Ryōga narrowed his eyes.
"Well, maybe not killed you, seeing how you're halfway to indestructible." Ukyō beckoned the two inside and to shut the door behind them. Beside her, the other defenders of the restaurant relaxed. Saotome Genma sat back down on a stool, rubbing his eyes. Sōun Tendō come forth to hug his daughter, going on about her bravery and fawning over every little scratch and cut she'd earned.
And a gruff, bearded man presided over the lot of them with a stern stare.
"Ah, Ryōga, Akane-chan, you haven't met my father yet, have you?" asked Ukyō.
Akane winced. "Ah, your father…."
"Yes, that's right," said Kuonji. "The one who promised his daughter to Saotome Ranma, in agreement with this fraud!" He smacked Genma on the back of the head with a cooking spatula. "I never should've listened to you!"
"It's not my fault!" Genma claimed. "I gave Ranma the fair choice; it's not my fault five-year-old boys like food more than girls!"
"All right, all right," said Ukyō, separating the men with the blade of her battle spatula. "Let's worry about the batter—I mean, the matter at hand. Akane-chan, your sisters are upstairs with Konatsu to watch over them. Ranchan said on the phone that you had something important with you?"
Slinging the backpack off her shoulder, Akane set the pack on an empty stool
and opened it, showing the contents to all involved. "The souvenirs Ryōga-kun's father sent back, along with papers from when Ranma and Ryōga-kun were trying to figure out where everything came from and when. The Sorcerers think Ranma still has these knick-knacks with him at our house, so they'll be going back there to find them. That's why I have to go back to help, too."

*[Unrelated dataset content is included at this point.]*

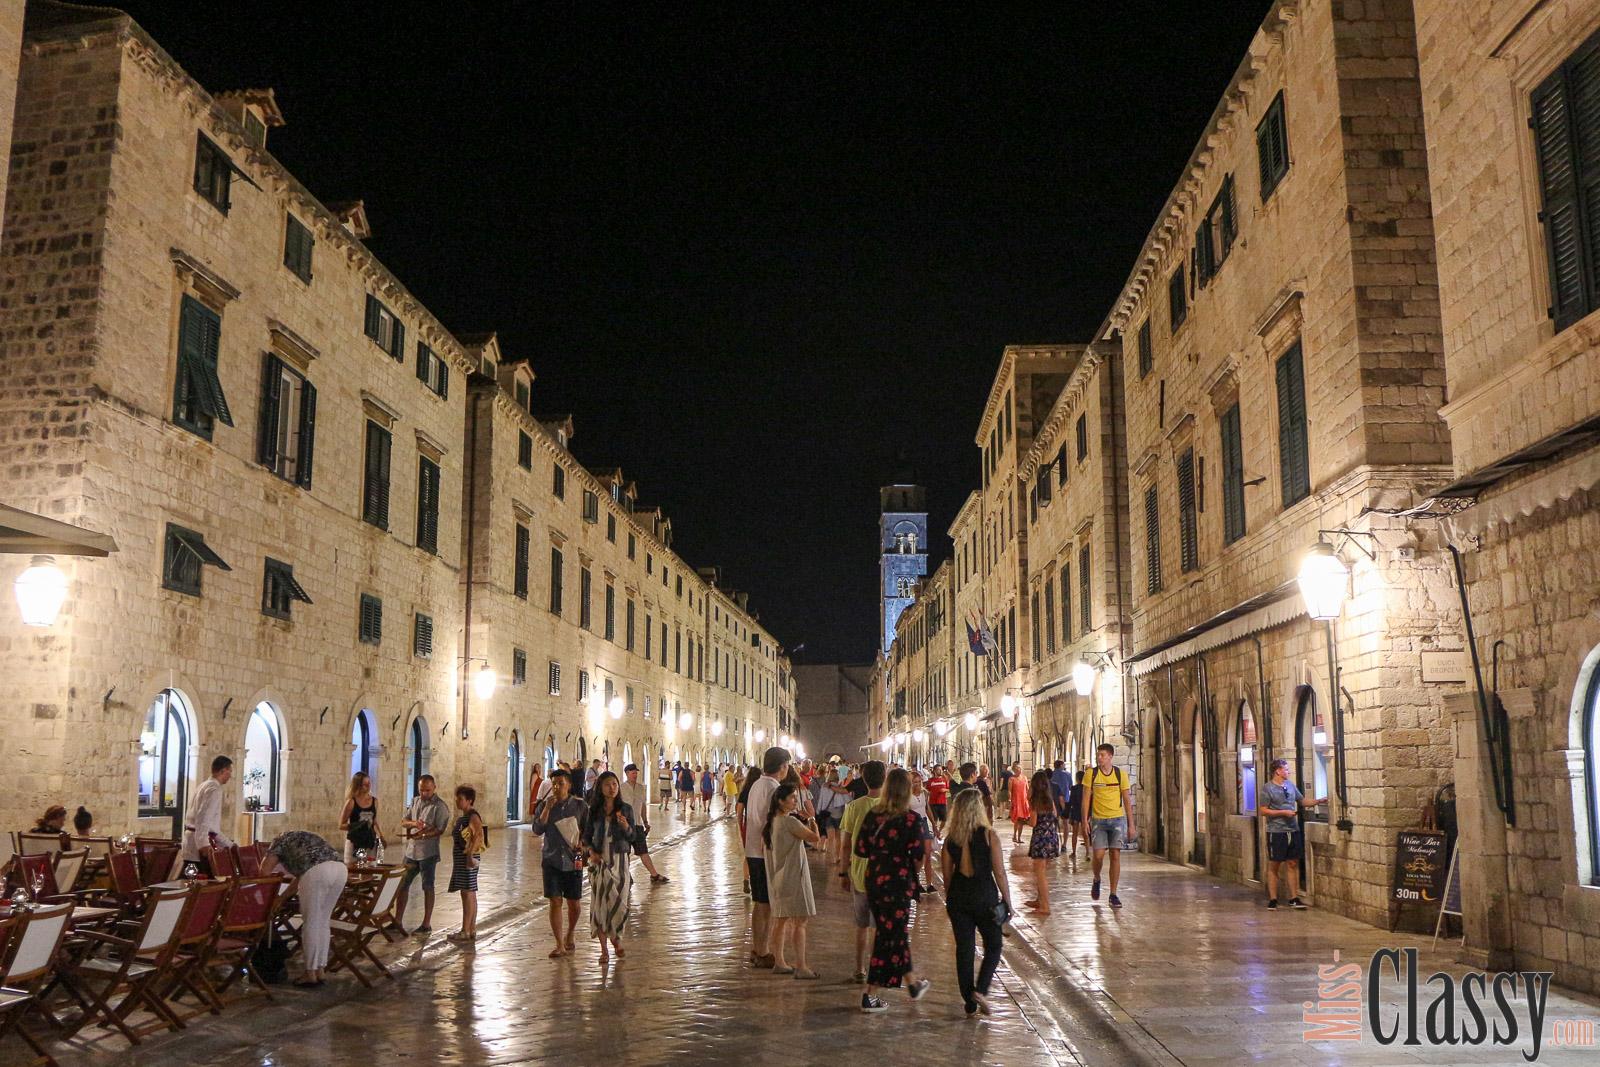 TRAVEL Dubrovnik, Miss Classy, miss-classy.com, Lifestyleblog, Lifestyleblogger, Lifestyleblog Graz, Travelblog, Travelblogger, Graz, Steiermark, Österreich, classy, beclassy, Reise, Travel, Wanderlust, Wayfarer, Kroatien, Dubrovnik, Stadtmauer, Game of Thrones, Mlini, Altstadt Dubrovnik, Hafen Dubrovnik, Dubrovnik bei Nacht

"What?" cried Sōun. "My little girl, you can't!"
"It's what I'm doing, and that's that!" she roared. "None of you are Ranma; you can't tell me to do anything else. Now, who's with me?"
Ryōga stepped forward. "I'm always at your side, Akane-san," he said, bowing.
"If Ranchan needs the help, I'm not going to deny him," said Ukyō.
Kuonji shook his head. "My daughter, you don't need to do this. It's bad enough we've been roped into giving shelter without even being asked for it. That boy's affairs are nothing you have to involve yourself in."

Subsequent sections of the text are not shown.